### What to work on
Here the job is to copy the data exactly and to exclude every image from it.

### Given data
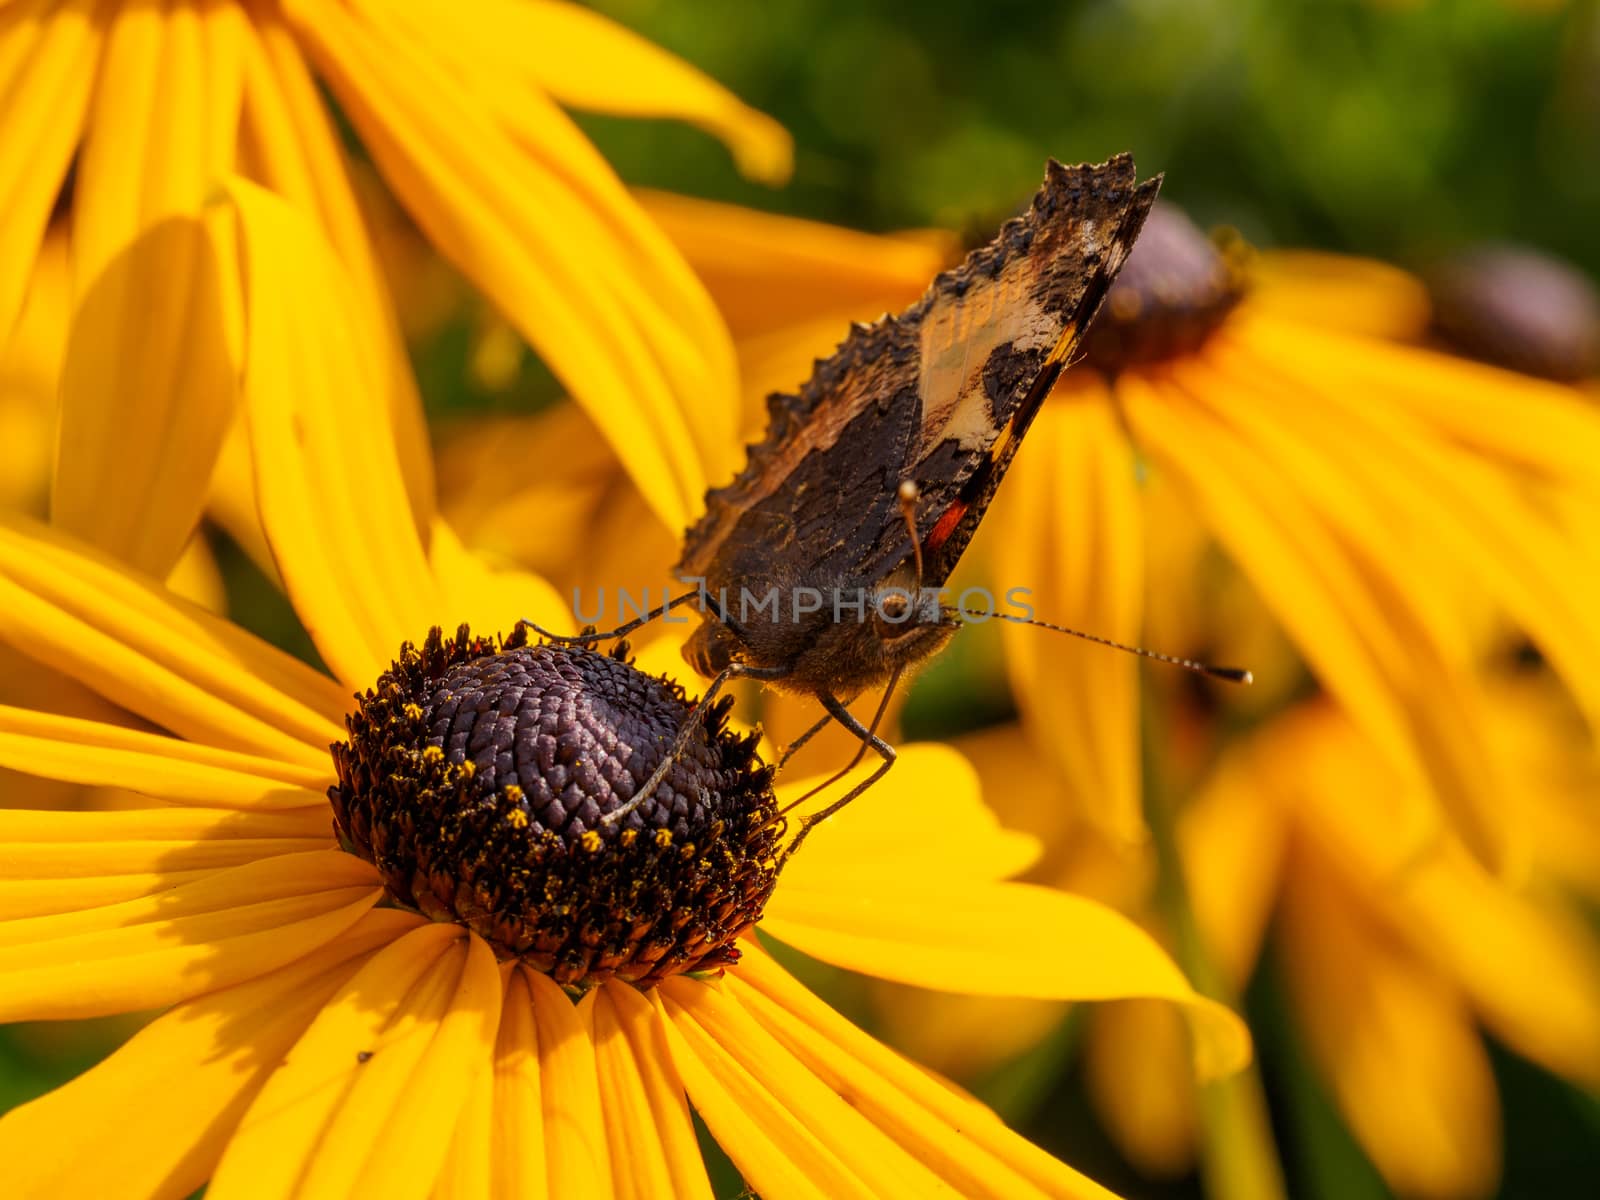 Creative angle shot of a wild butterfly resting on a yellow coneflower
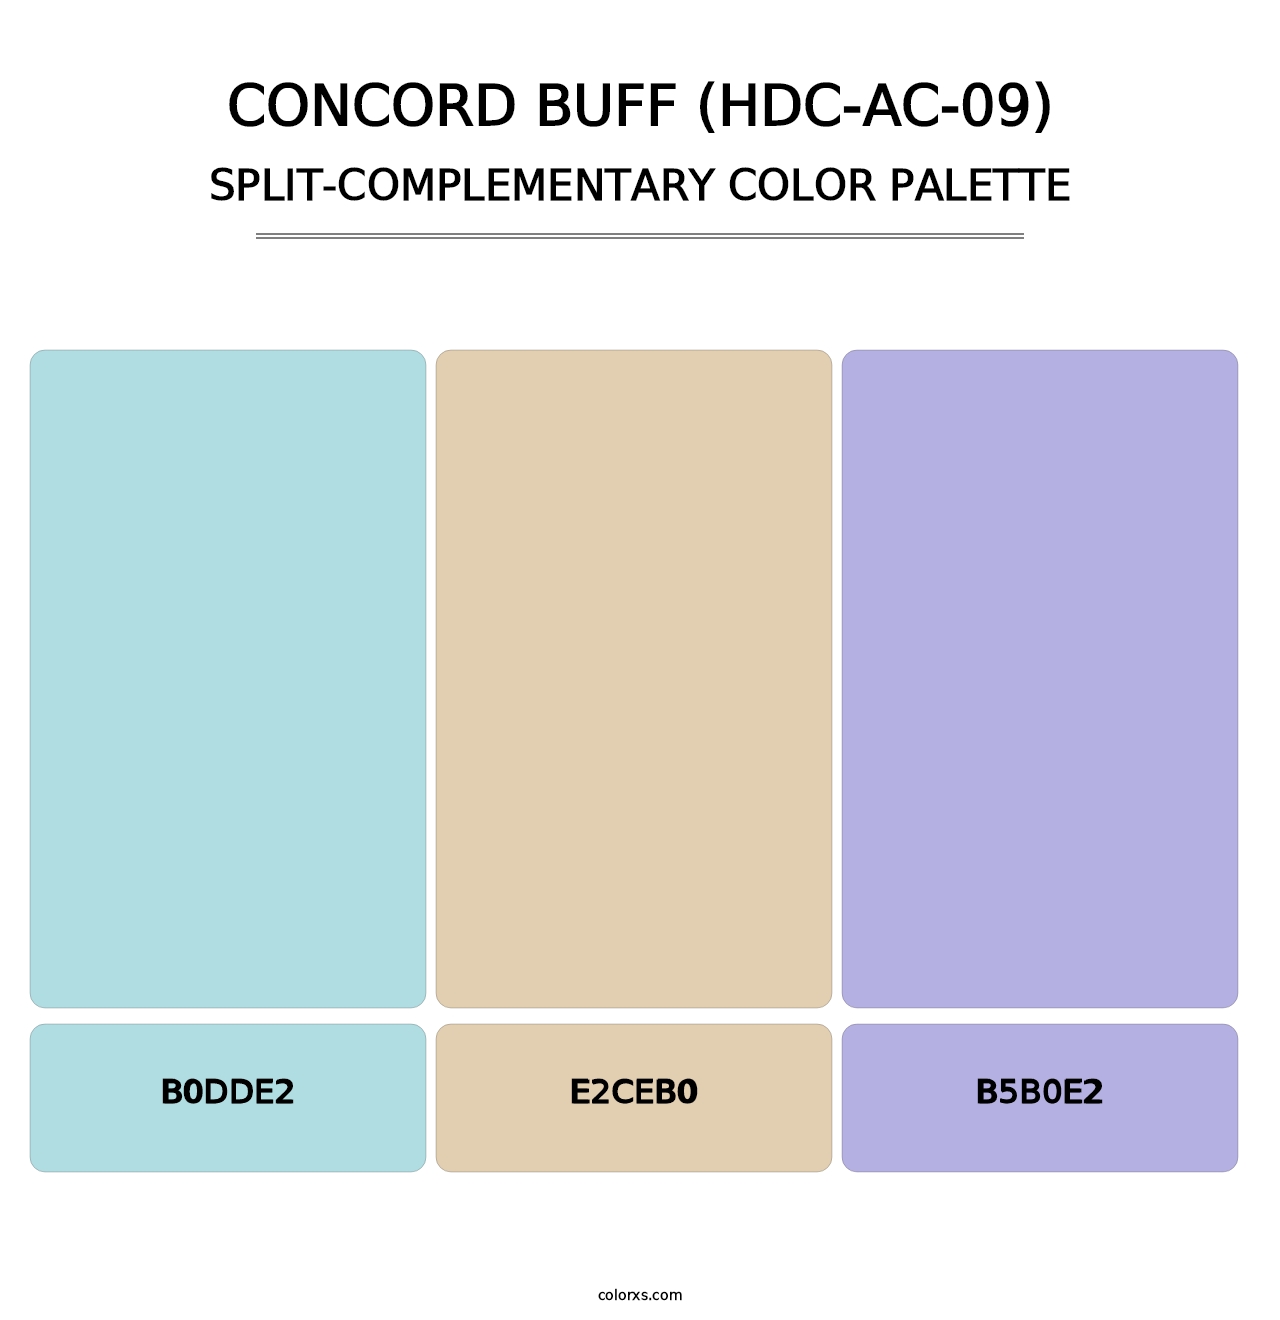 Concord Buff (HDC-AC-09) - Split-Complementary Color Palette
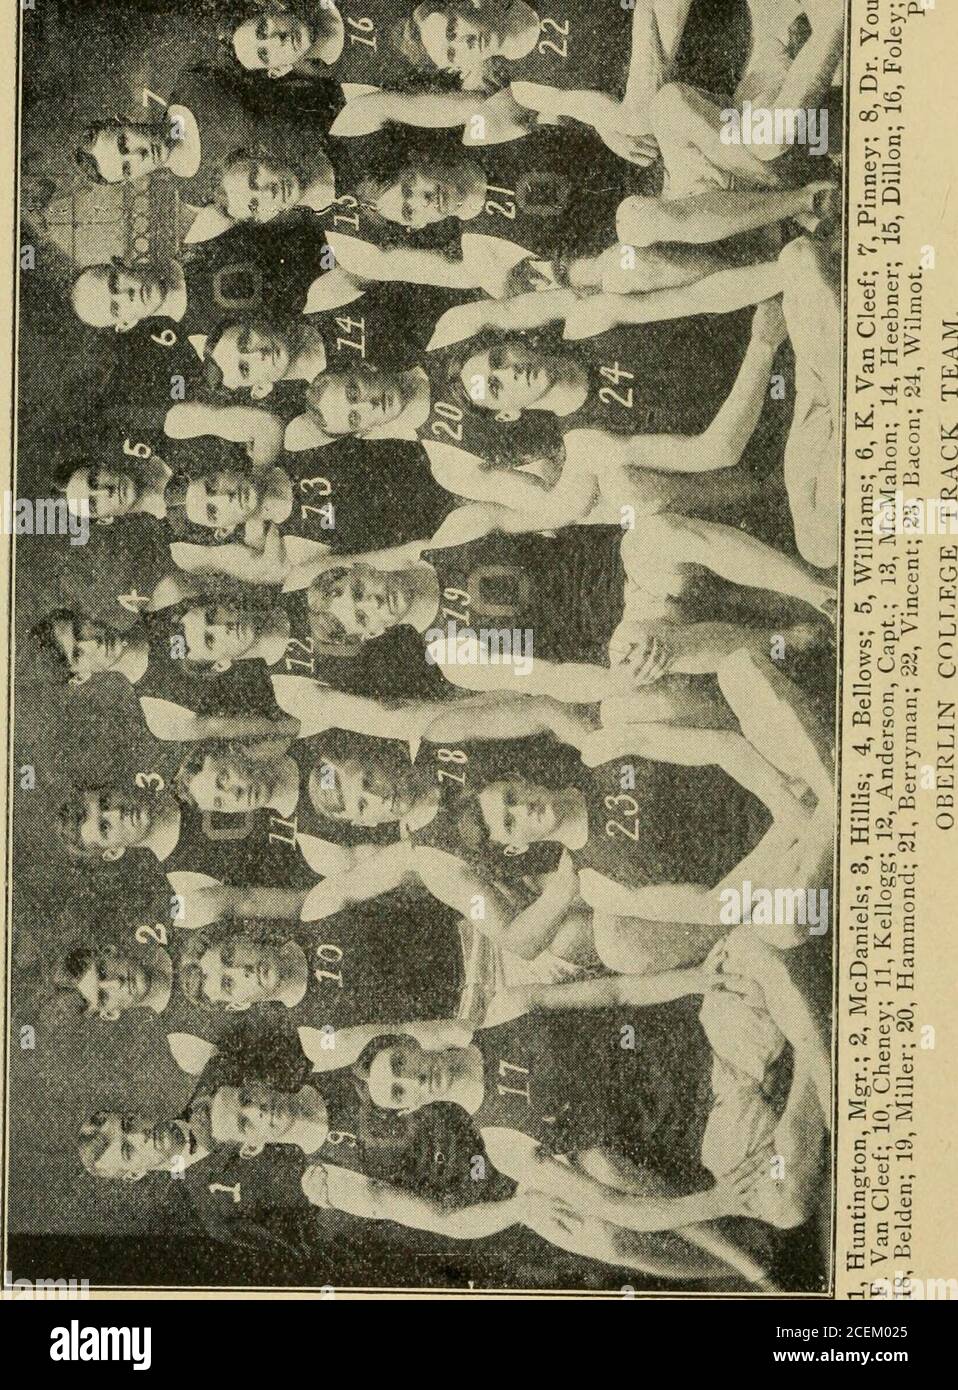 . Spalding's official athletic almanac. ldon.N.YA.C, 30 ft. 11 in. 1899, J. Flanagan, N. Y. A. C, 33 ft. 7 1-4 in. 1900, J. S. Mitchel, H. R. C, 35 ft. 5 In. ; 1901, John Flanagan, N. Y.A. C, 30 ft. 6 in.; 1902, E. Desmarteau, Montreal A. A. A., 33 ft. 6 in.;1903, J. S. Mitchel, N.Y.A.C, 33 ft. 2 3-4 In. Throwing the Discus weighing 414 pounds from a 7-foot circle, with-out follow—1897, C H. Hennemann, C.A.A., 118 ft. 9 in. 1898, CH. Hennemann, Chicago A.A., 108 ft. 8% in. 1899, R. Sheldon, N.Y. A. C—Discus short weight. 1900, R. Sheldon, N. Y. A. C, 114 ft. 1901, R. J. Sheridan, P. A, C, 111 Stock Photo

### Result of this exercise
 Creative angle shot of a wild butterfly resting on a yellow coneflower
 Concord Buff (HDC-AC-09) - Split-Complementary Color Palette
 . Spalding's official athletic almanac. ldon.N.YA.C, 30 ft. 11 in. 1899, J. Flanagan, N. Y. A. C, 33 ft. 7 1-4 in. 1900, J. S. Mitchel, H. R. C, 35 ft. 5 In. ; 1901, John Flanagan, N. Y.A. C, 30 ft. 6 in.; 1902, E. Desmarteau, Montreal A. A. A., 33 ft. 6 in.;1903, J. S. Mitchel, N.Y.A.C, 33 ft. 2 3-4 In. Throwing the Discus weighing 414 pounds from a 7-foot circle, with-out follow—1897, C H. Hennemann, C.A.A., 118 ft. 9 in. 1898, CH. Hennemann, Chicago A.A., 108 ft. 8% in. 1899, R. Sheldon, N.Y. A. C—Discus short weight. 1900, R. Sheldon, N. Y. A. C, 114 ft. 1901, R. J. Sheridan, P. A, C, 111 Stock Photo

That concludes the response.